Задача эта не из простых. Ее сколь-нибудь удовлетворительное разрешение невозможно в кратком и очень поверхностном эссе, в которым мы сознательно будем избегать погружения в необозримую толщу историософских и историографических напластований, накопившихся за пятисотлетнюю историю европейской науки. Полноценный научный текст потребовал бы учета не только уже ставших классическими историософских концепций, но и новых, неизвестных ранее источников, которые продолжают вводиться в научный оборот, существенным образом меняя наши представления о рассматриваемой эпохе. Оставляя эту задачу специалистам, мы постараемся высказать лишь самые общие соображения, на которые мы были вдохновлены работами наших коллег1. Надеемся, что дефицит фундированности будет хотя бы отчасти скомпенсирован концептуальностью.
Прежде чем предложить свое видение феномена «деэллинизации», попытаемся осмыслить сам феномен эллинизма. Помимо общеизвестной политической составляющей, связанной с военным противостоянием греческого мира и Персии и походами Александра Македонского, сердцевиной эллинистической цивилизации следует признать греческий язык. Причем не столько разговорное койнэ как средство транснациональной коммуникации, сколько книжный греческий, общепризнанный эталонный язык литературы. Примечательно, что сам этот столь привычный нам термин — litteratura — представляет собой латинизм эпохи ранней империи; в древнегреческом классической эпохи аналога этому слову нет2, а между тем без него немыслима эллинистическая цивилизация (как, заметим, и постренессансная европейская). Это значит, что греческая литература как феномен рождается в эпоху эллинизма — и, на наш взгляд, составляет его ядро. Литература — не просто книги; это — определенная совокупность письменных текстов, обязательных для ознакомления в процессе образования. Поэтому литература неотделима от школы — еще одной фундаментальной новации эллинской культуры. Возникающая в эпоху высокой Античности как клуб для приятного времяпрепровождения досужих (σχολή — досуг) любителей философских бесед, ко временам империи школа превращается в универсальный инструмент массового воспитания (образования) в самых разных сферах, от астрономии до военного дела3. В отличие от древневосточных училищ письма, воспроизводивших храмовую и дворцовую обслугу, школы эпохи эллинизма были отнюдь не ограничены утилитарными нуждами. Напротив, со времен Платона одним из ключевых моментов всей системы образования была установка не на практику, а на теорию, не на образец, а на идеал.
Итак, литература и изучающая ее школа — вот два главных компонента позднеантичной цивилизации.
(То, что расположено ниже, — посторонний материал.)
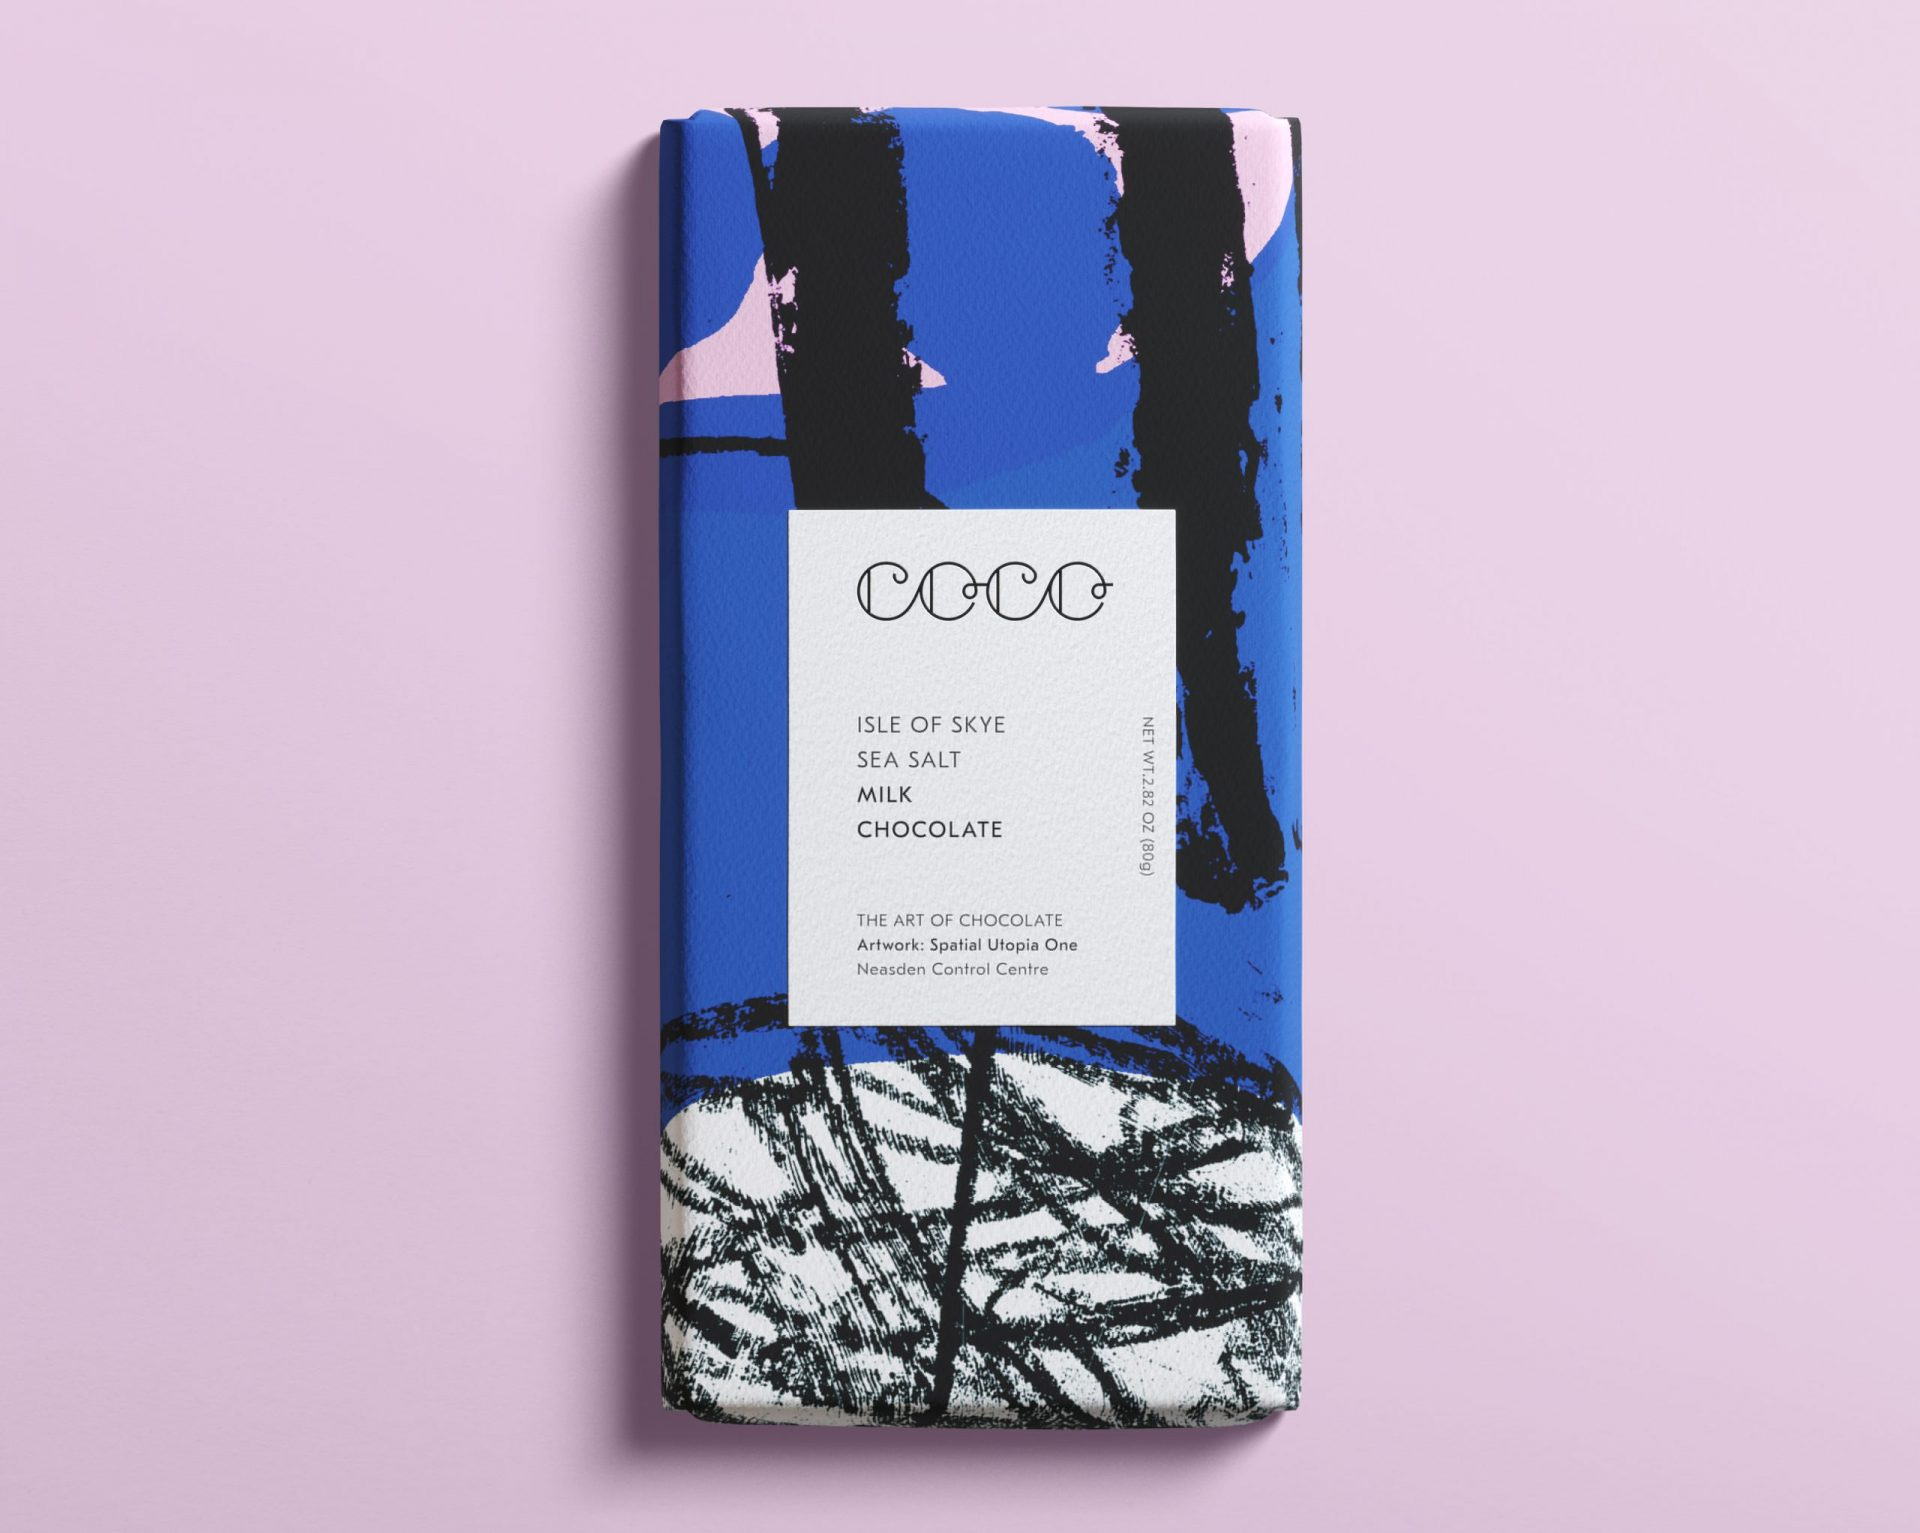 Coco Chocolatier Isle of Skye Sea Salt Milk Chocolate

Благодаря им к началу нашей эры все Средиземноморье покрылось разного рода текстами — надписями, записями, записками, свитками, кодексами, выполненными на камне, металле, папирусе, пергамене. Грамотность стала массовым явлением, а библиотеки — признаком престижа. Увы, до нас дошли лишь ничтожные крупицы этой колоссальной письменной культуры — и остается только изумляться, какими текстами могли быть заполнены 900 тысяч (!) томов при александрийском Мусейоне4.
Эллинистическую цивилизацию можно без всяких преувеличений назвать цивилизацией книг. Но что это были за книги? В отличие от библиотеки Ашшурбанипала, забитой узко-специальными текстами, греческие культурные центры хранили литературу в нашем смысле слова — труды, читать которые было не просто полезно, но интересно и приятно. Это были сочинения историков, философов, поэтов, драматургов. Но в центре внимания был, конечно, Гомер. Именно «Илиада» и «Одиссея», эти загадочные древнейшие памятники европейского эпоса, были предметом бесконечных толкований, комментариев и подражаний. Поэмы заучивали наизусть в школах, ученые схолии к ним во много раз превосходили по объему сам их текст. Гомеровский эпос можно без преувеличения назвать эпицентром всей греческой культуры.
Главный вызов, перед которым оказалась эпоха поздней Античности, заключался в нарастании противоречия между необычайно разросшейся сферой эллинистической культуры и ослаблением заложенного в нее идейного ядра — греческой религиозно-исторической традиции. Между тем именно в античной философии была выявлена и предельно ясно сформулирована оппозиция «практика — теория», лежащая в основе успеха любой интеллектуально осмысленной человеческой деятельности. Эллинистическая культура, достигшая впечатляющих «практических» результатов — очевидных даже сегодня хотя бы при взгляде на руины античных городов, — начала испытывать серьезные сложности в области своего умозрительного фундамента. Сначала философам, а затем и все более широким слоям общества становилось очевидным, что ни гомеровский эпос, ни мифологические сказания, ни другие древние тексты не способны выполнять
главную задачу культурного ядра — ясно и убедительно разъяснять начала мироздания и принципы социального поведения.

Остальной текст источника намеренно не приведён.